#### [Source material]

Content starts

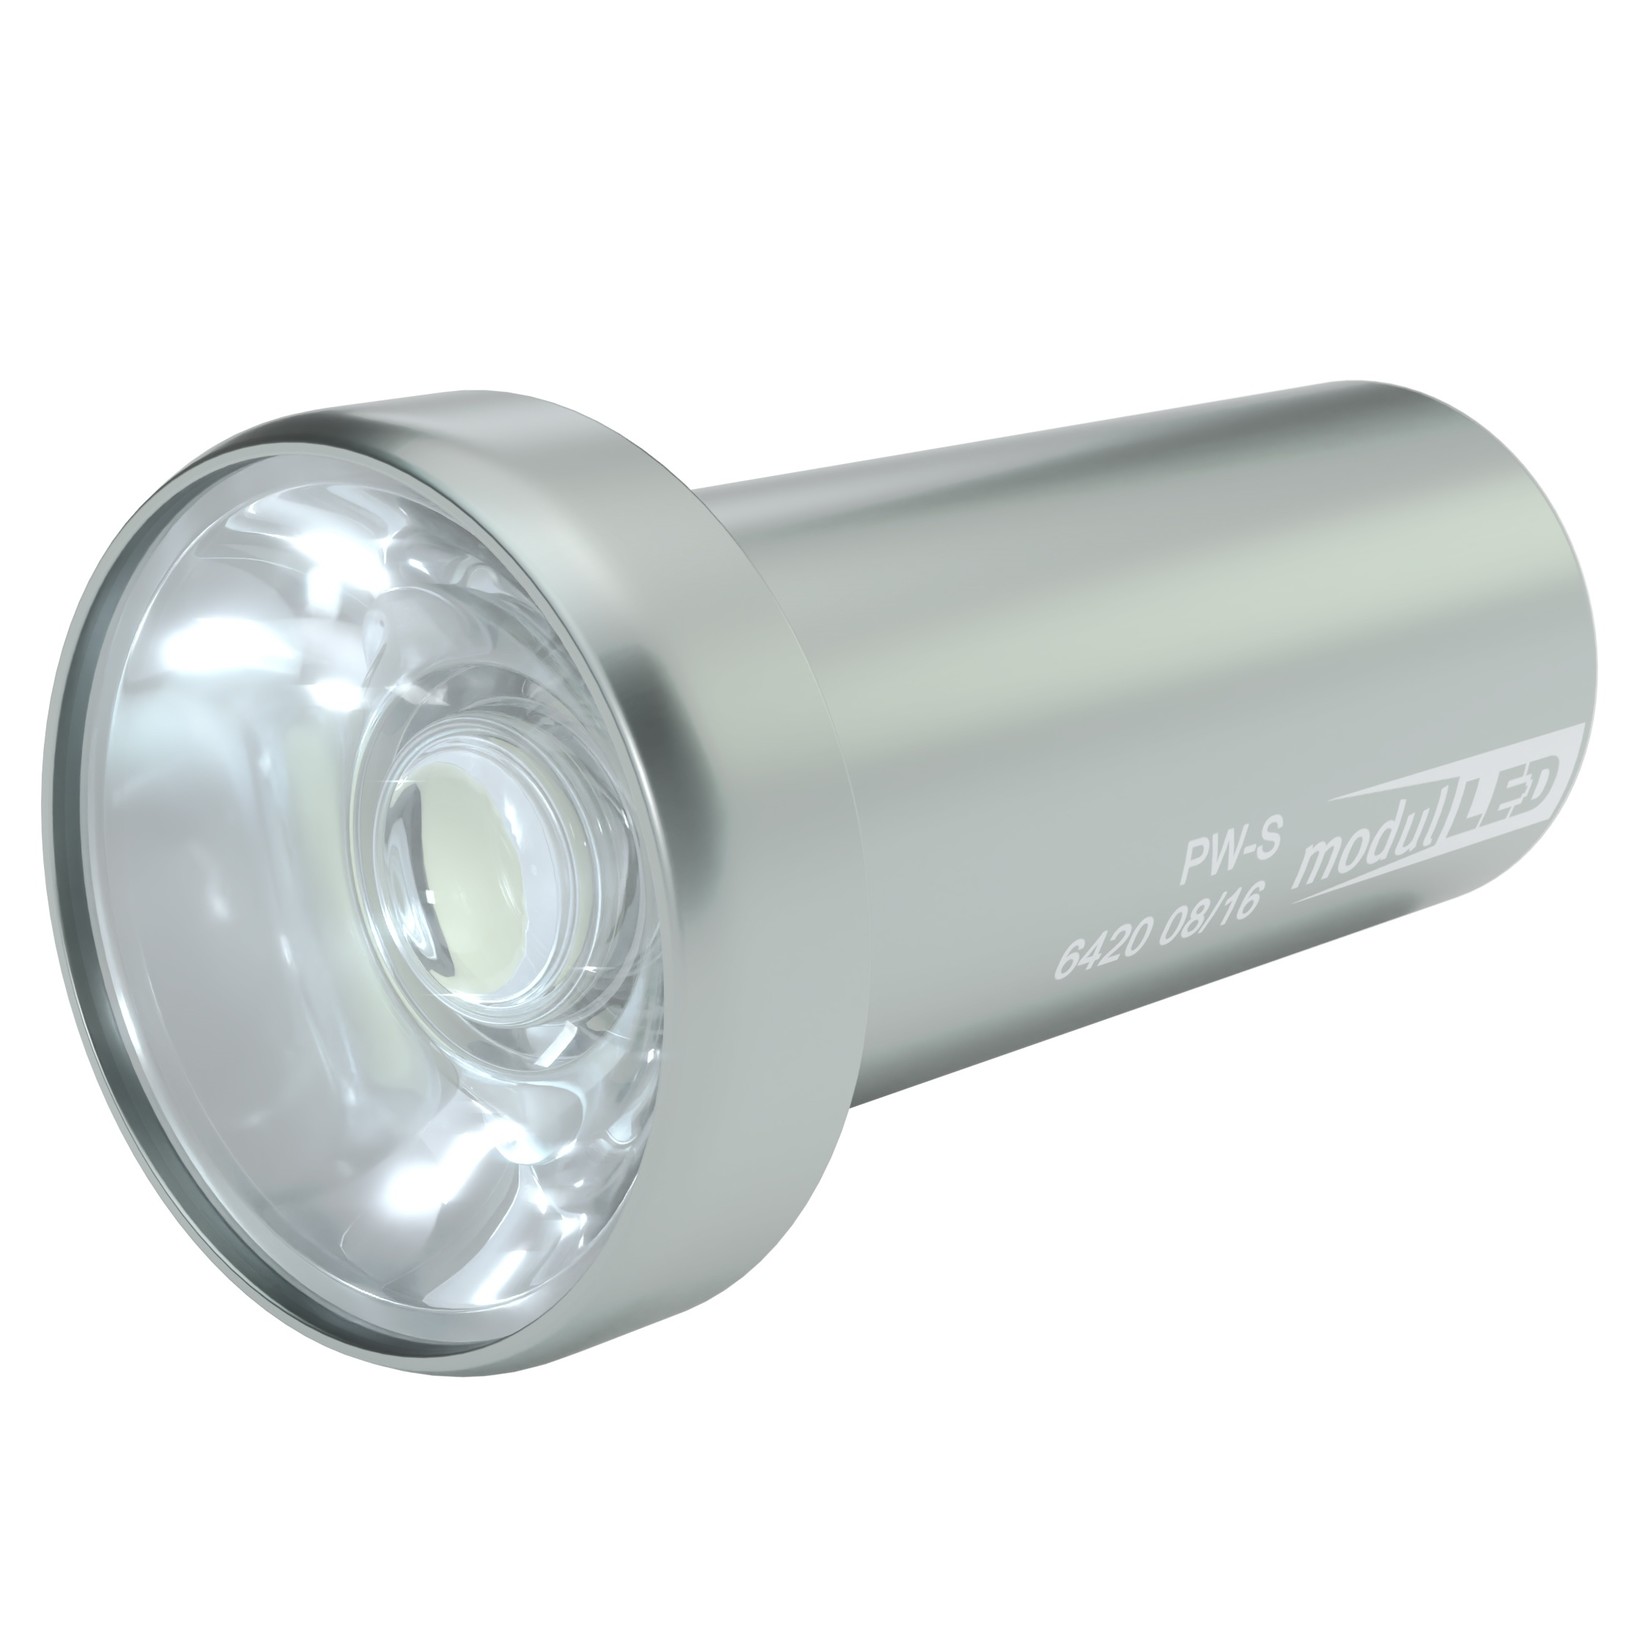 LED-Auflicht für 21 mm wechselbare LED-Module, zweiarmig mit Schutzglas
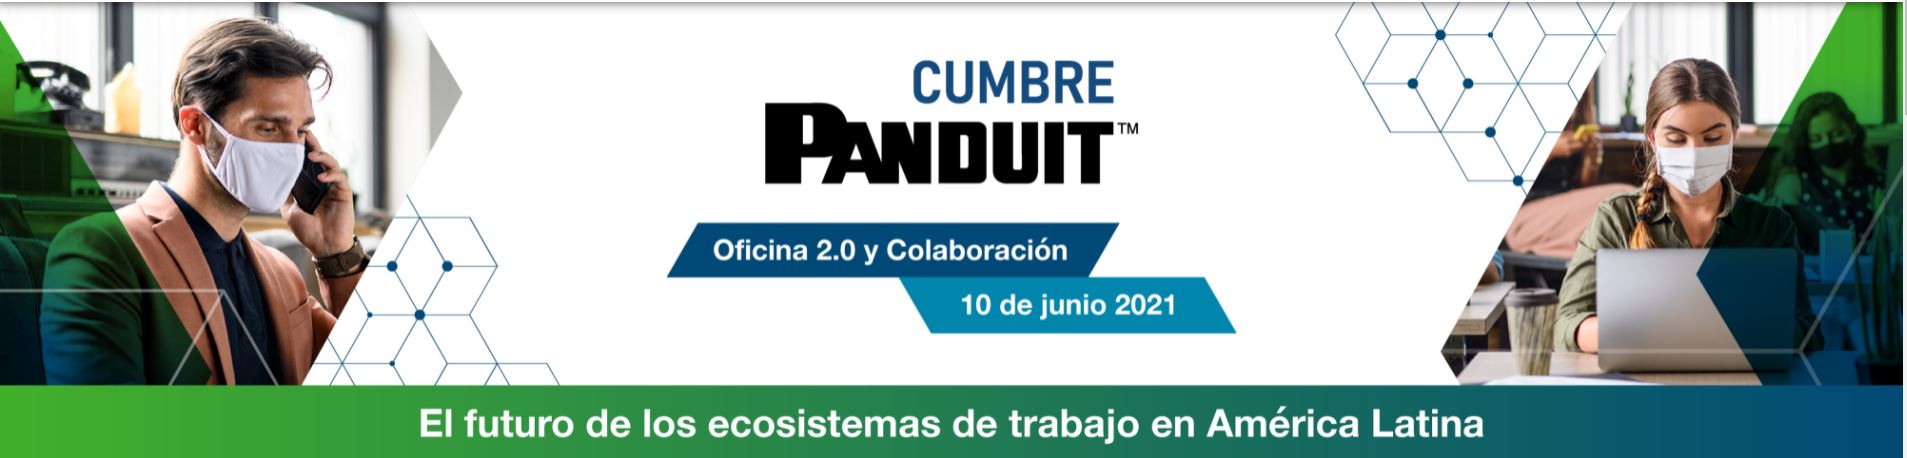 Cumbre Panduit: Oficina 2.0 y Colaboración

Content ends
Content starts

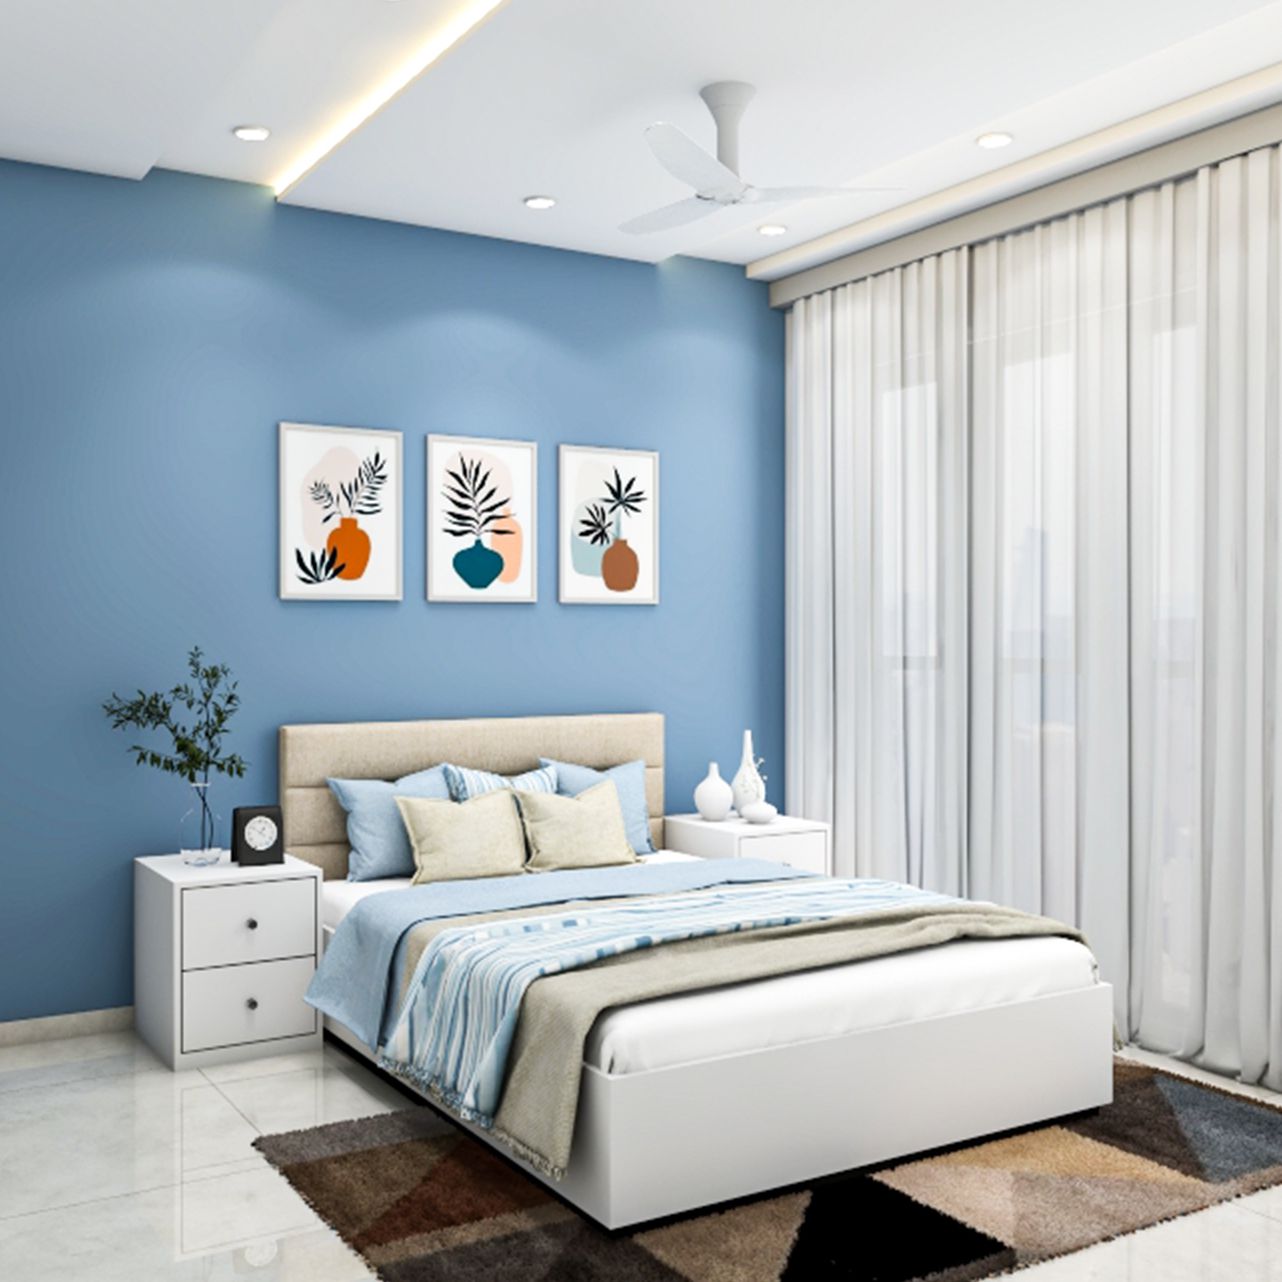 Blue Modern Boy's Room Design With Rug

Content ends

#### [Exercise]
Only one stretch of the entries above is needed: the lines from the one containing "LED-Auflicht für 21" through the one containing "Cumbre Panduit: Oficina 2.0 y Colaboración". Copy it exactly, without the pictures.

#### [The completed task]
 LED-Auflicht für 21 mm wechselbare LED-Module, zweiarmig mit Schutzglas
 Cumbre Panduit: Oficina 2.0 y Colaboración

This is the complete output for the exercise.